The larger companies as a group have an earnings yield of over 7%; a far higher yield in relation to prevailing interest rate levels than is typical. If we add a conservative 1 - 2 % real growth rate to that number we arrive at a possible appreciation factor of 8 -9 % annually over the longer term for our equity portfolio. Even if the global economy is stagnant we may see returns of up to 7% compounding over the long term. (Of course if earnings multiples expand, returns could even exceed these ranges).

Although short term stock market pricing is driven by the passions of fear and greed, long term equity valuations are determined by the underlying profitability of the 5000 great businesses we're invested in. At RVW we use a "Darwinian" rules-based stock selection model to access groups of superior companies - using ETFs, which are tax-efficient and low cost.

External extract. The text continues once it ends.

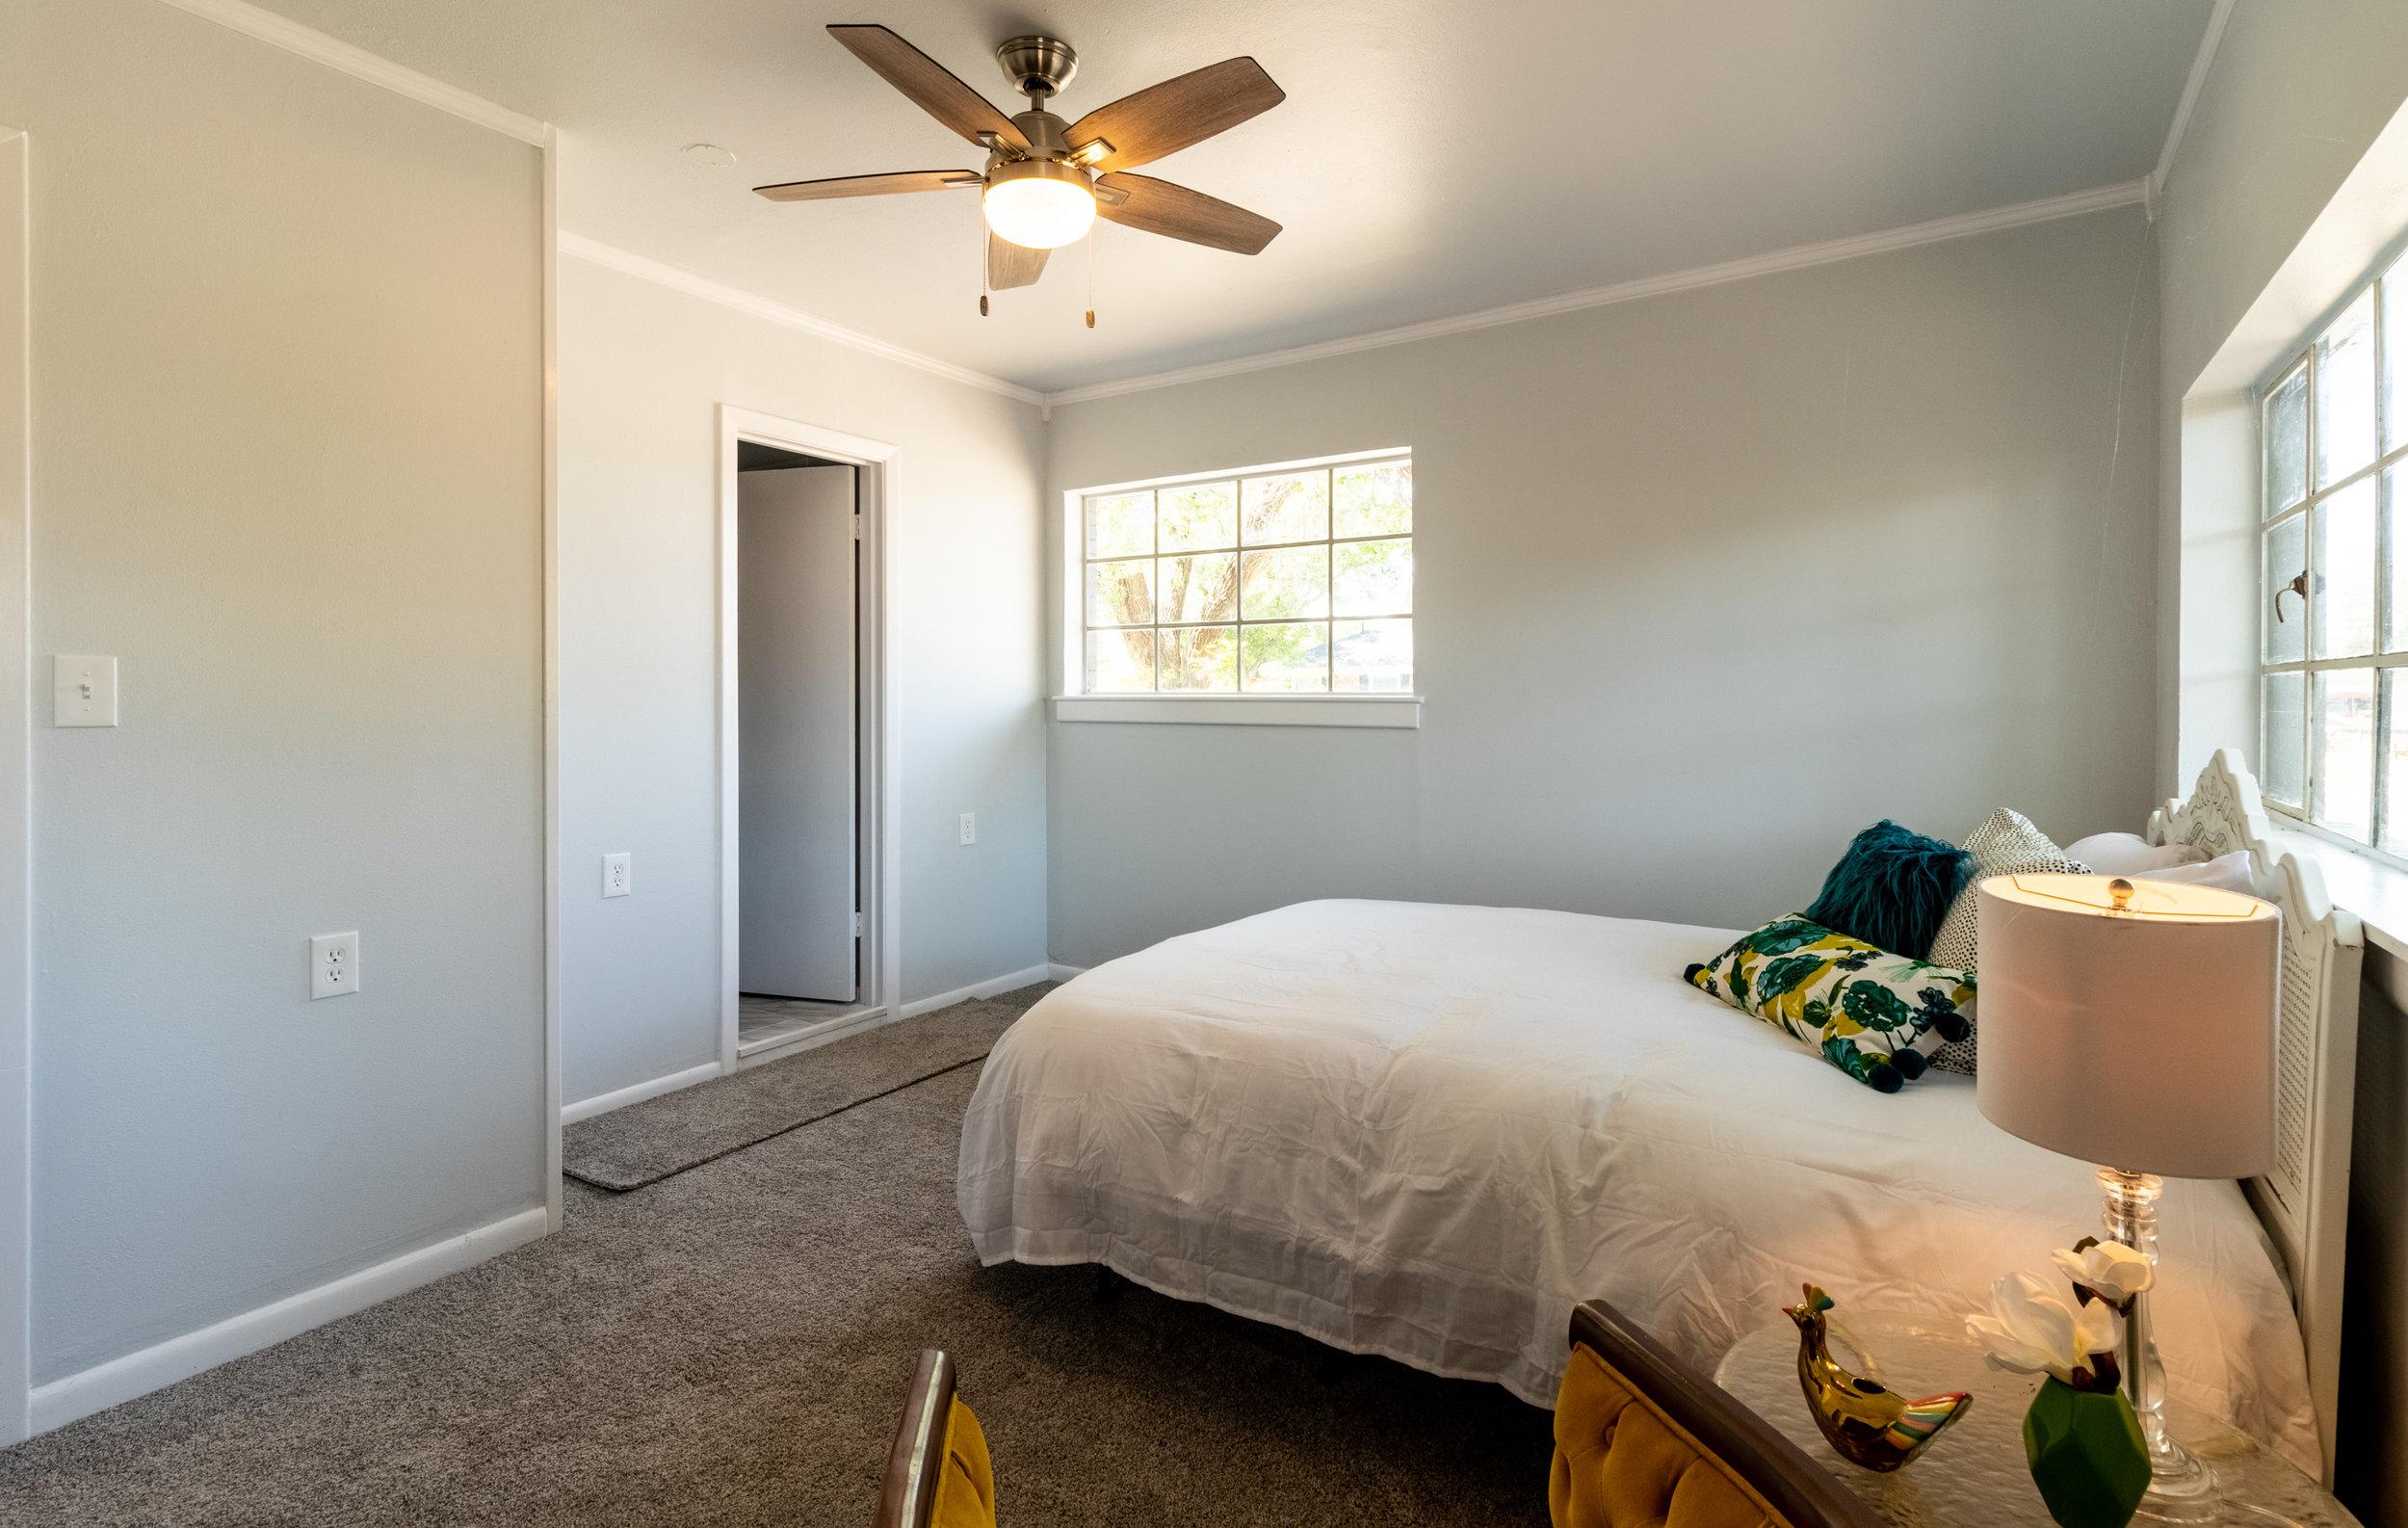 20 - 3rd Bedroom 2.jpg
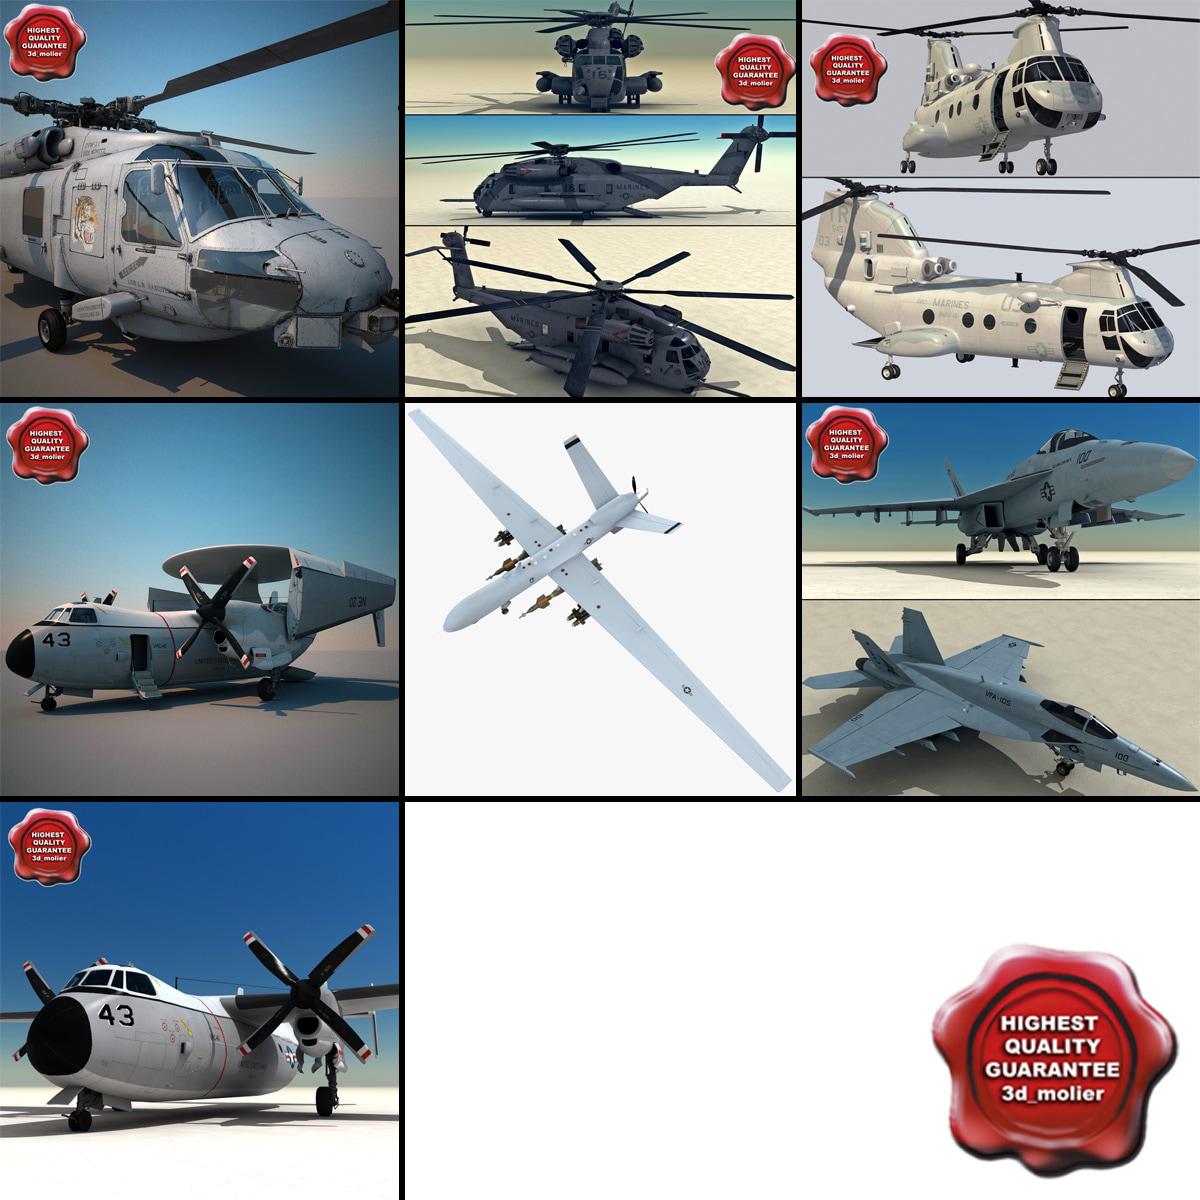 US_Navy_Aircraft_Collection_V2_000.jpg

Our overweighting towards the large well known global brands is driven by the following factors:

These companies have unprecedented cash reserves – we estimate that the Fortune 500 companies have $2 trillion in liquid balances (which is more than the reserves of most countries) and can weather economic storms;
They have a diversified global economic footprint which means they do business in multiple environments;
They provide currency diversification and are a hedge against a falling US $;
Historically, quality equities protect against inflation because these companies can usually pass on increased costs to their customers;
Many of them pay attractive dividends, on which unprecedented numbers of retiring baby boomers will be relying for their retirement; and
As 1 billion new consumers come to the marketplace as consumers for the first time over the next decade in the newly developing countries, we expect they will purchase many of the products that are consumed in our market – the McDonalds, Cokes, iPhones /iPads, and the branded cleaning and beauty products.

For those who can endure the market turbulence which we anticipate, we are confident that the rewards over time will be significant – after all history is solidly on the side of the bulls. As always, we use a diversified group of secure bonds where needed for shorter term stability and interest income. Each portfolio reflects an allocation that is appropriate to the risk tolerance of the client and reasonably expected cash needs.